Usually causes a medium spike

5

Avg. Food Score on Ultrahuman App

62%

Ultrahuman Users got an UNSTABLE response

How to consume Watermelon Juice without glucose spikes

Pair with Protein or Healthy Fats

Consume watermelon juice alongside foods rich in protein or healthy fats, such as a handful of almonds or a serving of Greek yogurt.
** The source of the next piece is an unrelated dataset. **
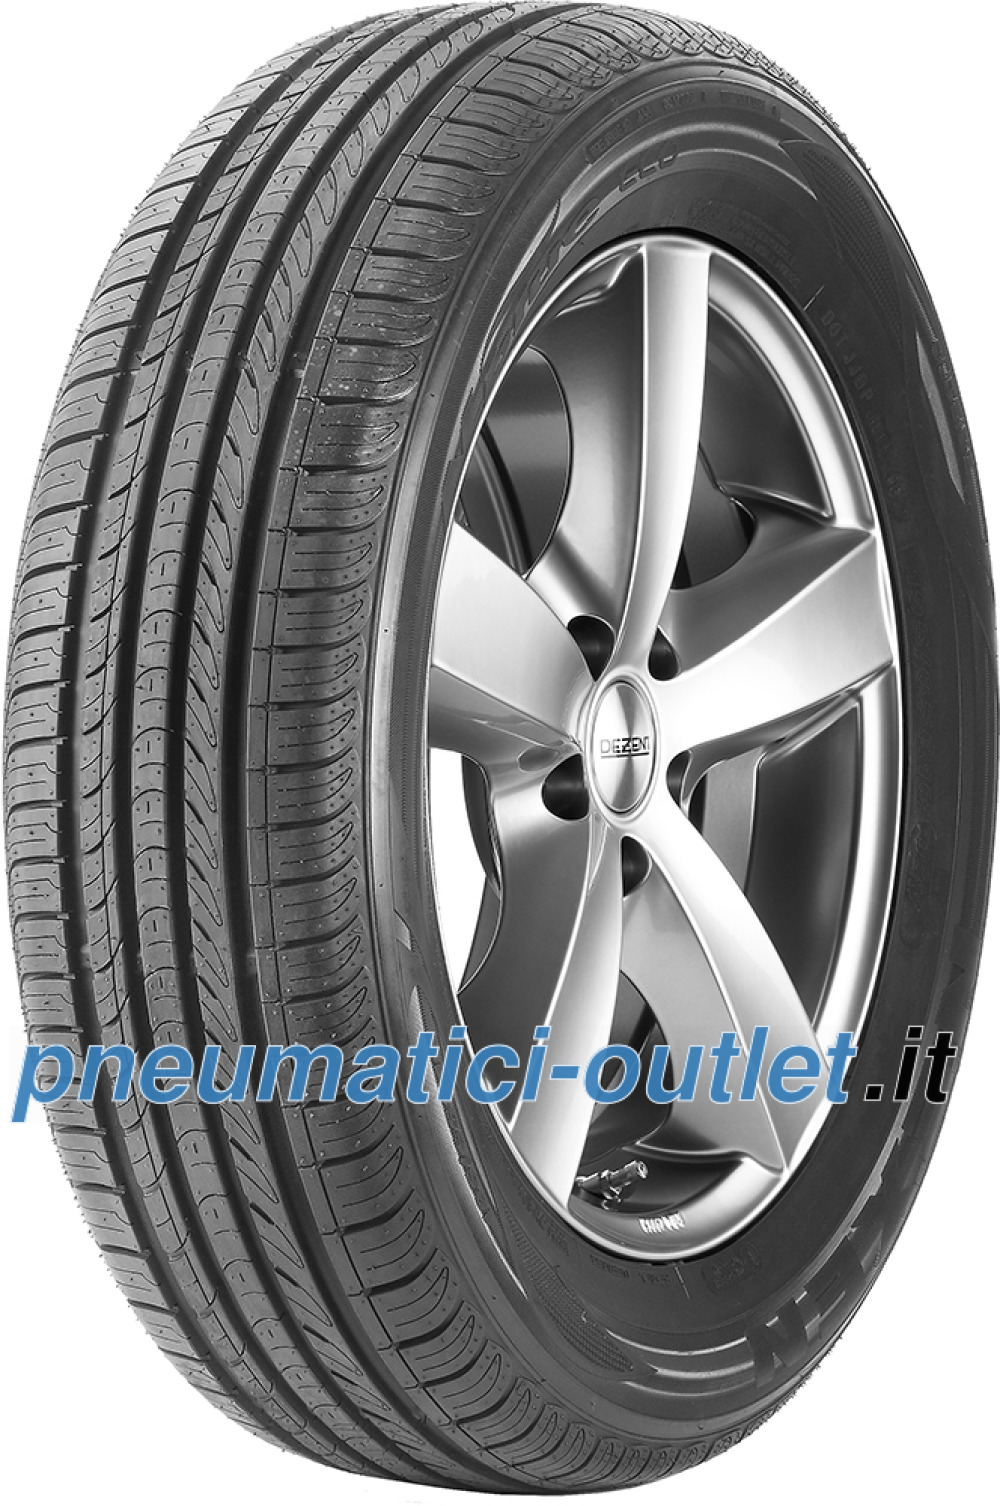 Nexen N blue Eco ( 175/70 R14 84T 4PR )

This can help slow down the absorption of sugar into the bloodstream.

Add Fiber

Incorporate fiber-rich foods like chia seeds, flaxseeds, or oats into your meal to help moderate blood sugar levels.

Limit Portion Size

Reduce the amount of watermelon juice you consume in one sitting to minimize the impact on your blood sugar.

Drink with Meals

Have your watermelon juice with a balanced meal that includes protein, fiber, and healthy fats to reduce the overall spike.

Dilute the Juice

Mix the watermelon juice with water to decrease the concentration of sugar per serving.

Include Leafy Greens

Pair your juice with a small salad containing leafy greens such as spinach or kale, which can help balance your meal.

Opt for Whole Fruits

Whenever possible, choose whole fruits with similar flavors, such as strawberries or oranges, that provide more fiber and are less likely to cause a significant spike.

Stay Active

Engage in light physical activity after consuming watermelon juice, like a short walk, to help your body process sugar more efficiently.

Monitor Intake Timing

Try consuming the juice earlier in the day when your body is more insulin-sensitive, rather than late at night.

Stay Hydrated

Drink plenty of water throughout the day to help your body manage blood sugar levels more effectively.